**WHAT NEEDS TO BE DONE**:
For this exercise, write out the full listing that follows exactly and skip its pictures.

**DATASET SECTION**:
'''

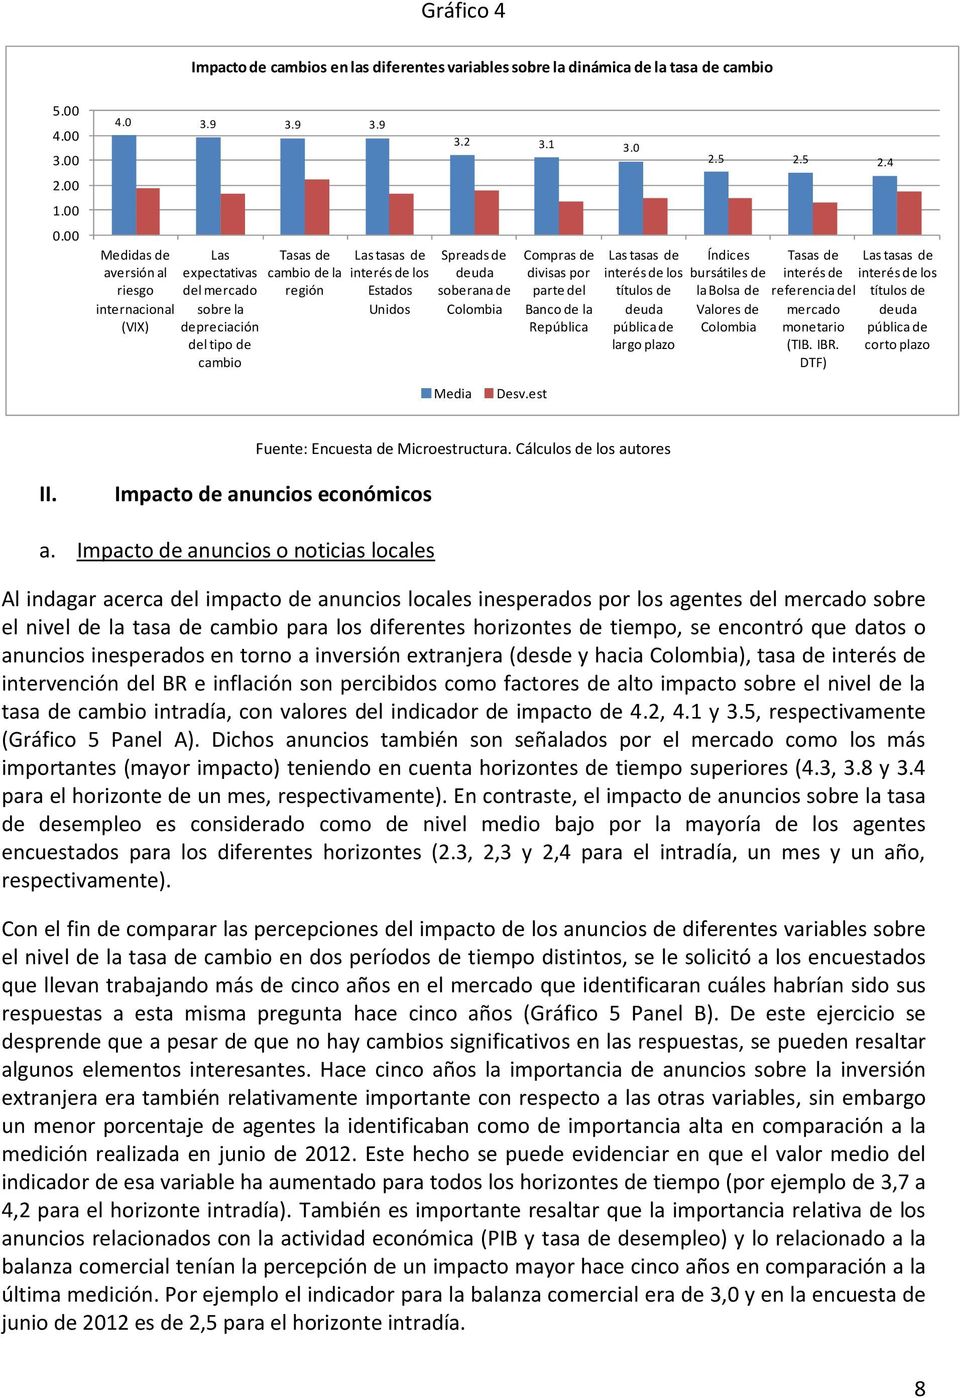 2 3.1 3.0 Spreads de deuda soberana de Colombia Compras de divisas por parte del Banco de la República Las tasas de interés de los títulos de deuda pública de largo plazo 2.5 2.
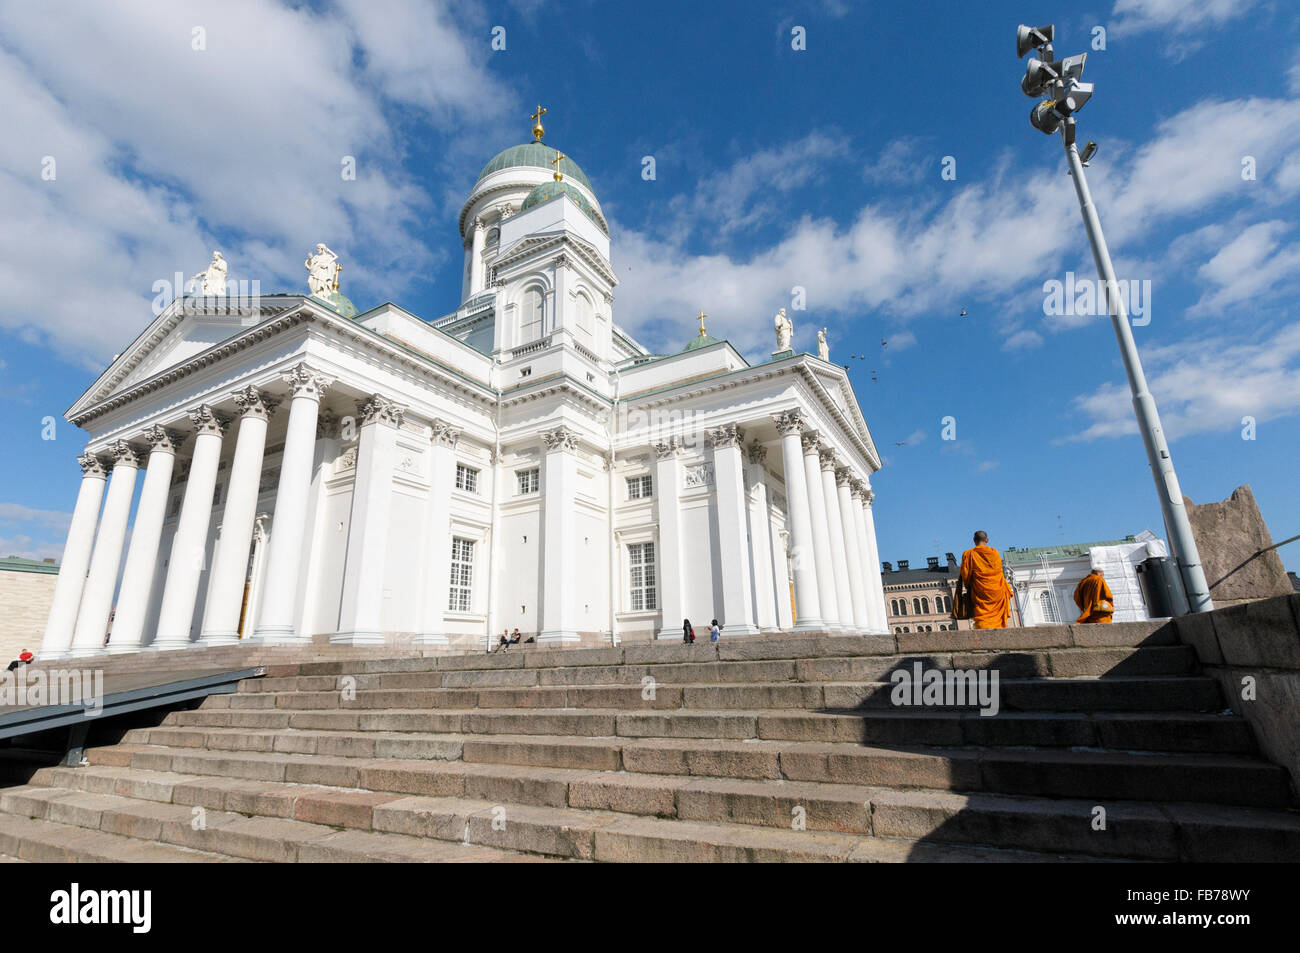 Deux moines bouddhistes visiter la Cathédrale d'Helsinki, la place du Sénat. Kruununhaka, Helsinki, Finlande Banque D'Images
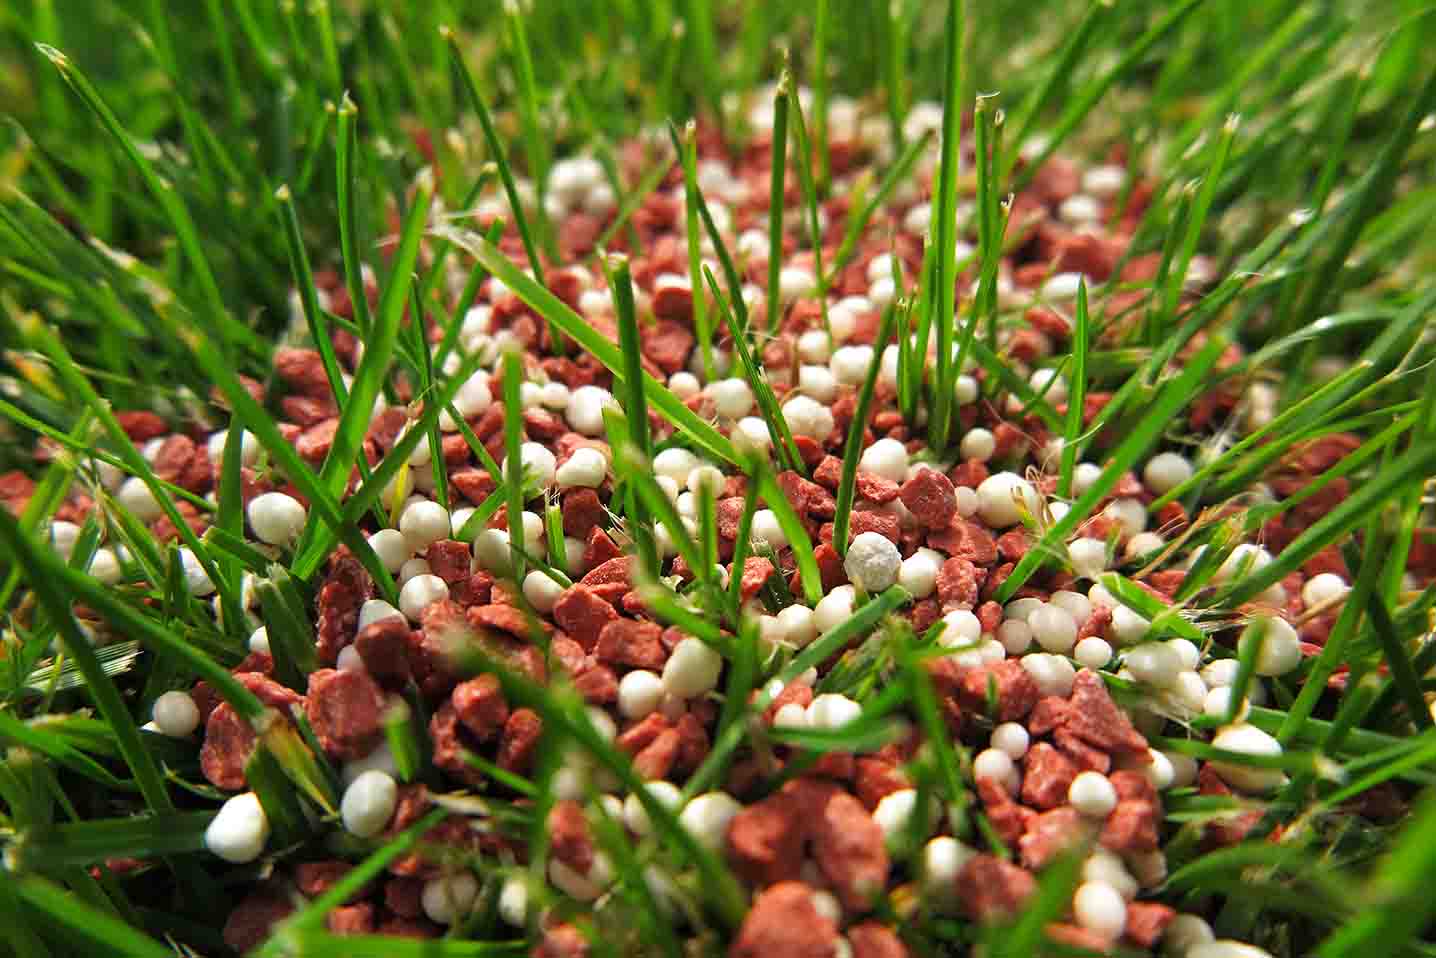 granular fertilizer in lawn

'''

**SOLUTION TO THE EXERCISE**:
 2 3.1 3.0 Spreads de deuda soberana de Colombia Compras de divisas por parte del Banco de la República Las tasas de interés de los títulos de deuda pública de largo plazo 2.5 2.
 Deux moines bouddhistes visiter la Cathédrale d'Helsinki, la place du Sénat. Kruununhaka, Helsinki, Finlande Banque D'Images
 granular fertilizer in lawn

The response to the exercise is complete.